Very nice photos Dennis. Thanks for the link. These photos should really inspire the European modeler. 

Terl


----------



## hcampbell (Jan 2, 2008)

Love that bridge! 

Thanks 
Harvey C.


----------



## Spule 4 (Jan 2, 2008)

Posted By Dennis Paulson on 09/25/2008 9:31 AM
From a link at Gscale mad by otter 1 

I am amazed at how much to my untrained eye these pictures at the link .......look like the LGB models .

There are several photos that could just as well be a great outdoor layout with LGB trains . 

http://drehscheibe-online.ist-im-web.de/forum/read.php?17,3799673

I enjoyed this link .




They look like them as they are them, much of LGB's stuff is of Austrian prototype. Good post and good eye. Like the "primer" version of U1 myself, and yup, LGB made a modell of it too!


----------



## thekollector (Jan 2, 2008)

Been there, done that, got the tee shirt! 

Dennis, those are really great photos! Thanks for the link. Does anyone have information on that "Y" class? Looks like a "U" class, but with a two axle rear bogie? 

Jack


----------



## Spule 4 (Jan 2, 2008)

Posted By thekollector on 09/25/2008 4:20 PM
Been there, done that, got the tee shirt! 

Dennis, those are really great photos! Thanks for the link. Does anyone have information on that "Y" class? Looks like a "U" class, but with a two axle rear bogie? 

Jack




Spot on Jack. They were a later development of the U lok. 

The class is actually Yv, making them compound. There were three built, all by Krauss Linz, in 1896. They were expensive and the original rear bogie design was problematic, especially in backing moves, so they were rebuilt to this current form. The three were the only ones built due to the expense and problems compared to the "Reihe U".

I suggest this book if you are interested:

http://www.amazon.de/Reihe-transpress-Fahrzeugportrait-Roland-Beier/dp/3613711524


----------



## thekollector (Jan 2, 2008)

Thanks Garrett! On one of my dead computers I had a photo of a small Stainz type locomotive that was compound. I tend to forget about the application of compounding on smaller loks.


----------



## Spule 4 (Jan 2, 2008)

Well, since we are on the subject of the U..... 

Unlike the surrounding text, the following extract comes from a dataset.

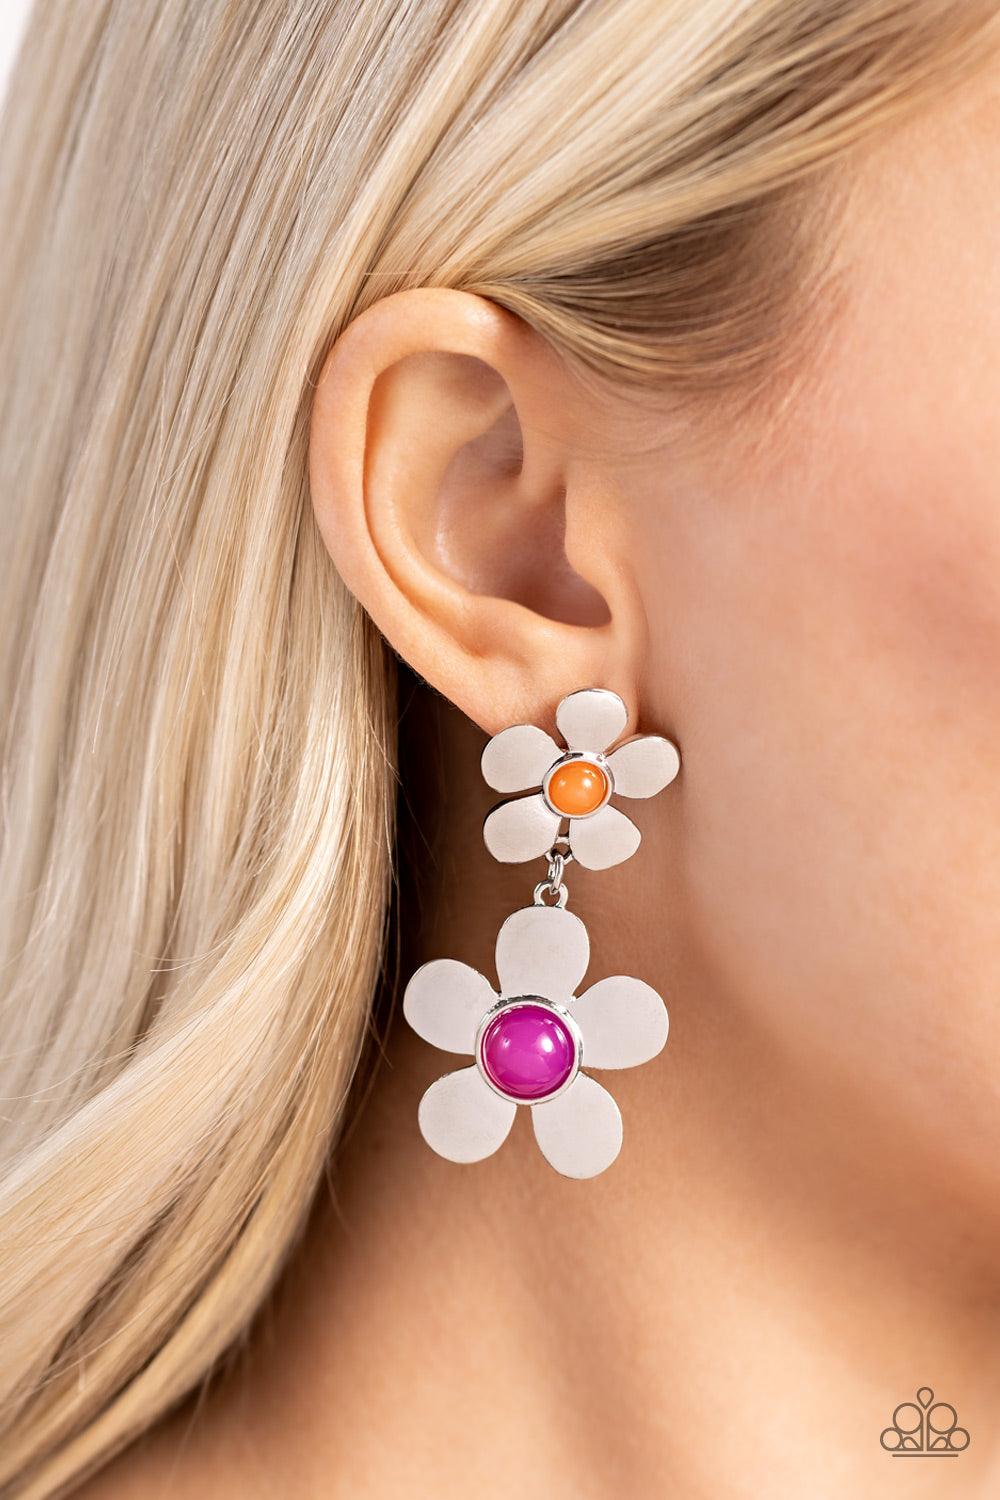 Paparazzi Accessories - Fashionable Florals - Pink Earrings - Bling by JessieK

The next (natural) step after the U and Yh was the compound Uv: 

http://de.wikipedia.org/wiki/N%C3%96LB_Uv 

And then the ultimate U, the Uh: 

http://de.wikipedia.org/wiki/%C3%96BB_498 

Superheated compound, and the early ones had the Caprotti (driveshaft to poppet) valve system! 

I have the Bachmann model of the Uh in H0e, (occupation era DRG markings) but all Bachmann did was do a new shell for a U chassis....


----------



## Spule 4 (Jan 2, 2008)

....oops, forgot the other Uh, a superheated version of the U....between the Uh and Uv above in construction. It was re-classed the Bh at the time of the Uh/498. 

http://de.wikipedia.org/wiki/N%C3%96LB_Uh


----------



## Spule 4 (Jan 2, 2008)

BTW, an example of a related class to U is here in the US, operating at the Omaha zoo....rebuilt by the UP of all people! 

http://de.youtube.com/watch?v=DEfocBqhdg0 

http://www.schmalspur-europa.at/schmalsp_37.htm 

I think this is enough U-Lok Asperger's for one day......


----------



## Madman (Jan 5, 2008)

Great site. Thanks Dennis


----------